The next major accelerant is print. From the seventeenth century onward, England’s expanding print culture (almanacs and pamphlets) begins to standardise Valentine imagery. And by the eighteenth century, pre-printed Valentine verses were sold in London.

By the nineteenth century, this all explodes as Victorian Britain mass-produces and exports romantic Valentine’s day. The penny post made sending anonymous love notes in Britain feasible.
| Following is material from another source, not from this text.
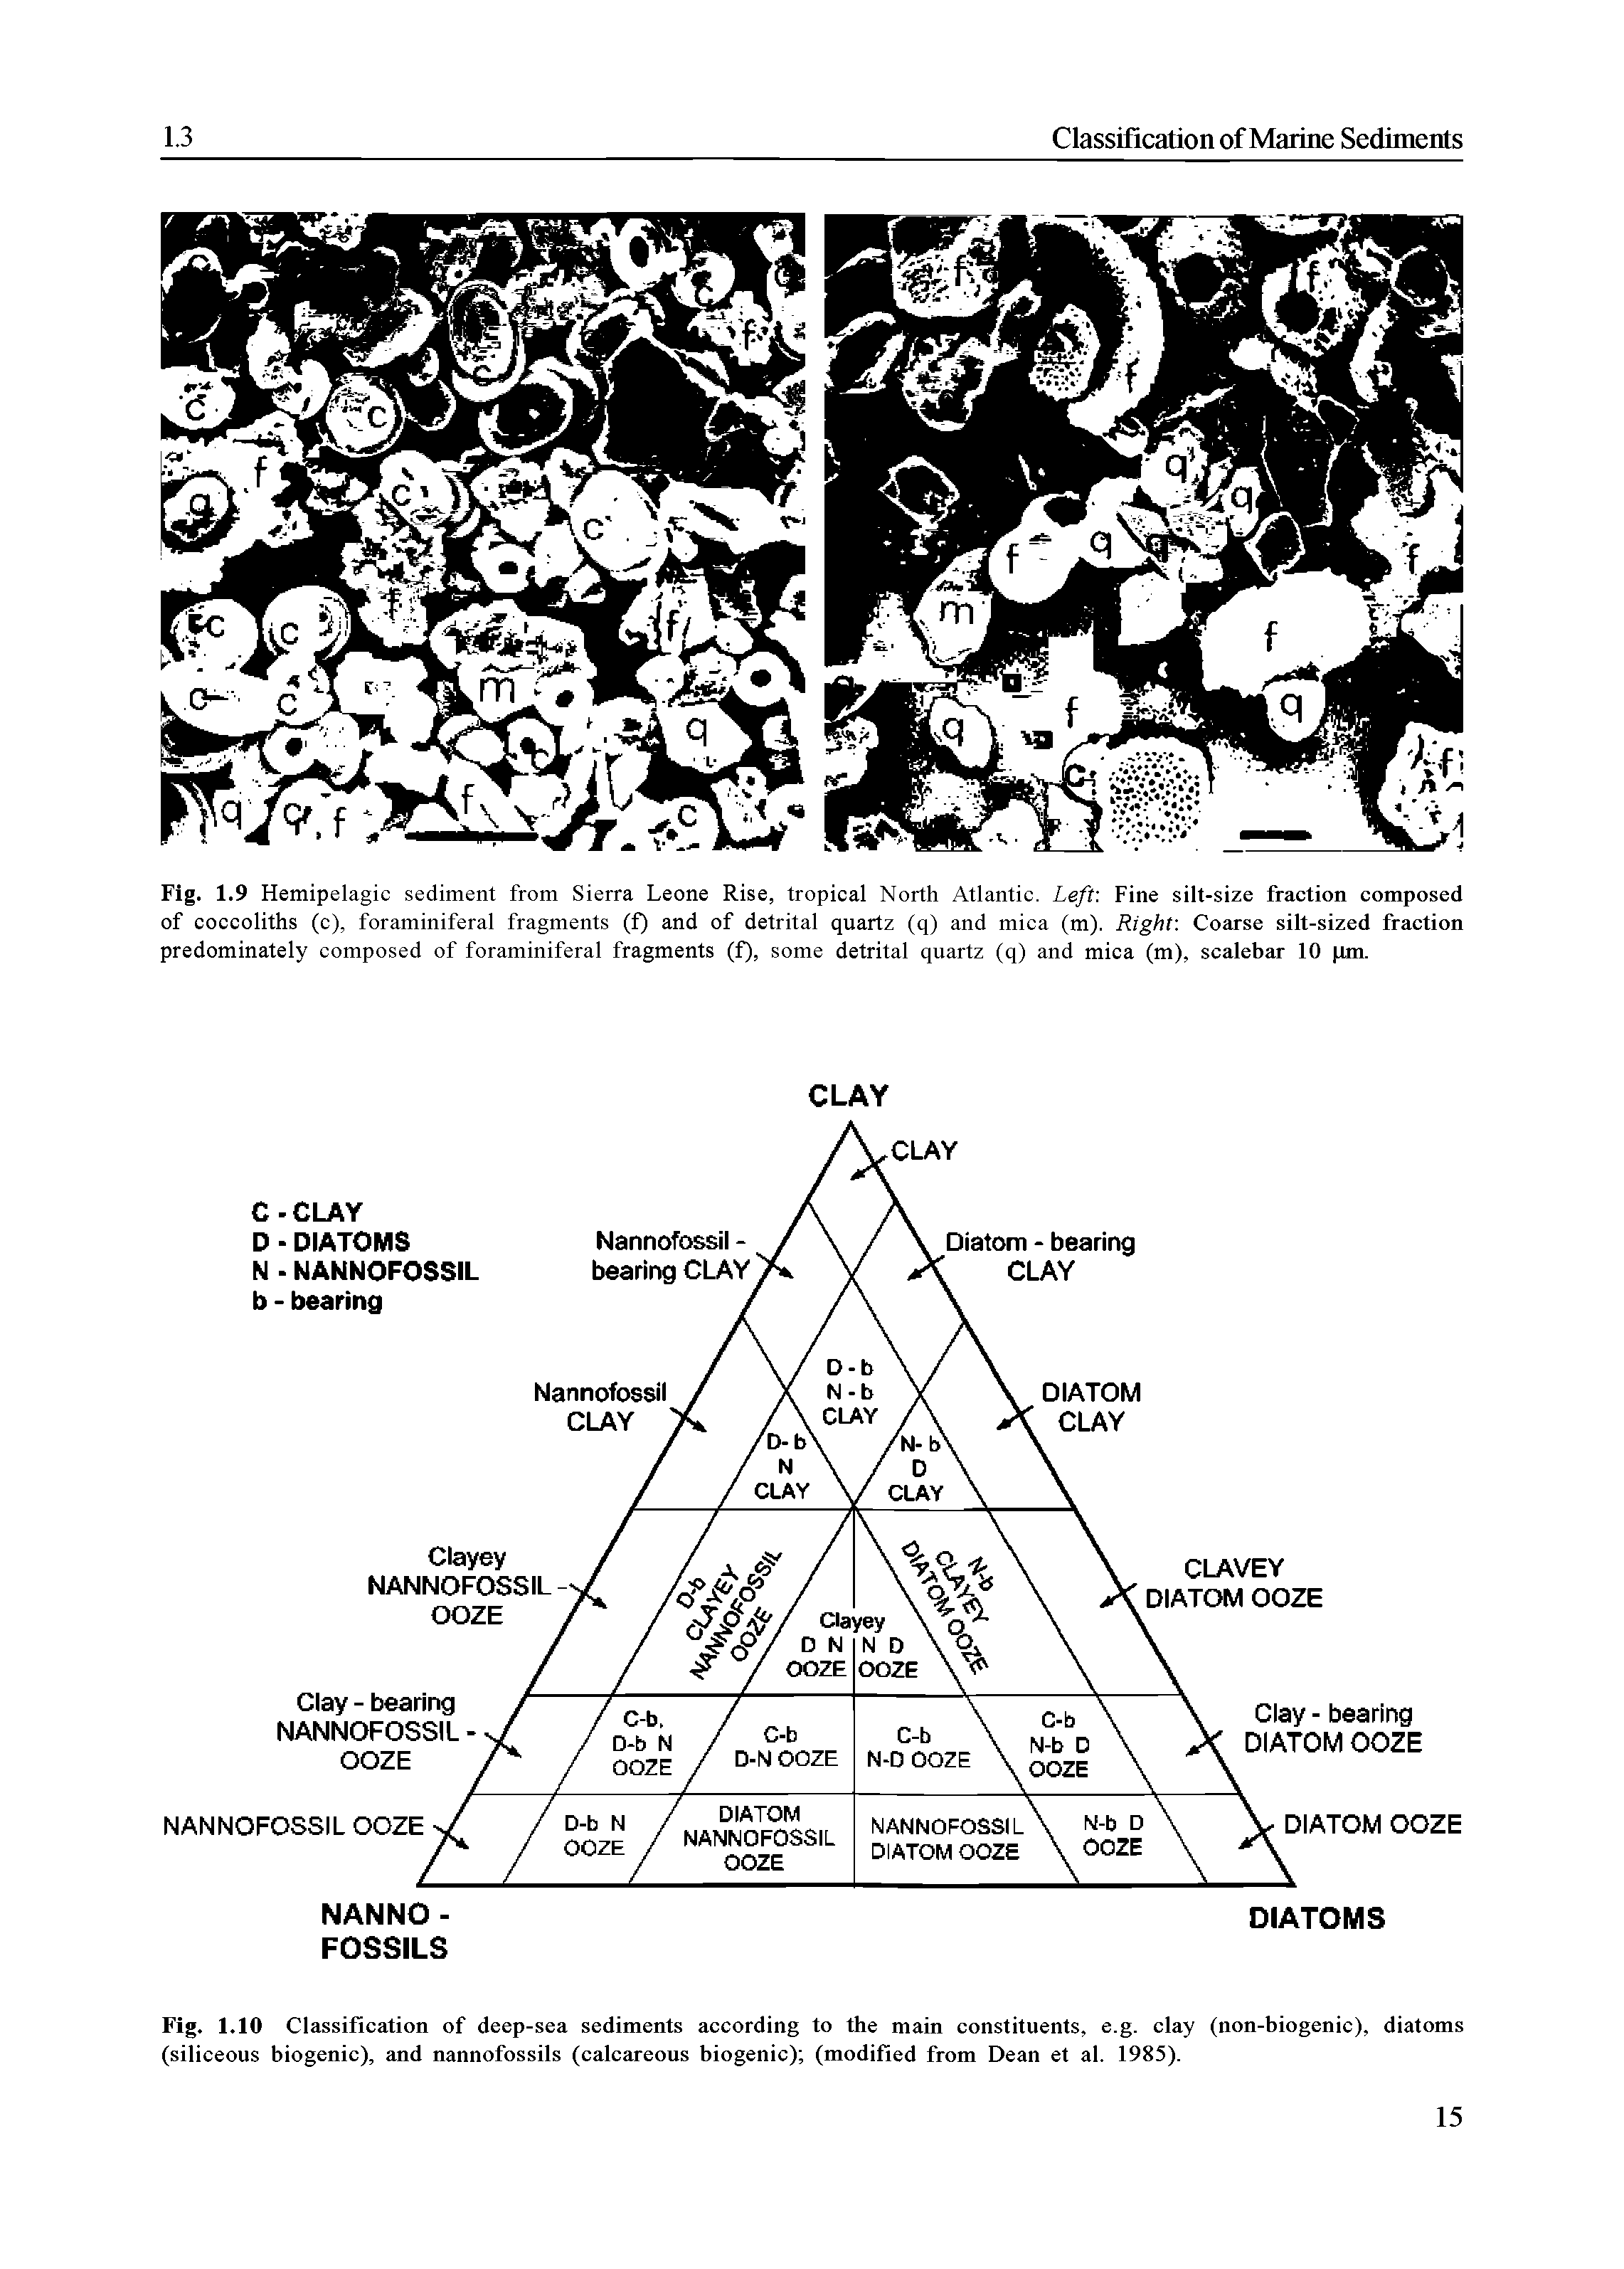 Fig. 1.10 Classification of deep-sea sediments according to the main constituents, e.g. clay (non-biogenic), diatoms (siliceous biogenic), and nannofossils (calcareous biogenic) (modified from Dean et al. 1985).

It’s no coincidence that the Victorian period also formalised the engagement ring as a symbol of intent, for all that this was kickstarted by Queen Victoria and Prince Albert and driven by expanding diamond supplies and new industrial jewellery techniques.

Victorian Valentine’s Card (public domain via Wikimedia Commons)

The British Empire ensured these “new traditions” circulated globally in English, driven by trade and migration. Americans embraced the ideas and by the mid-nineteenth century, US manufacturers were exporting Valentine cards back to Britain.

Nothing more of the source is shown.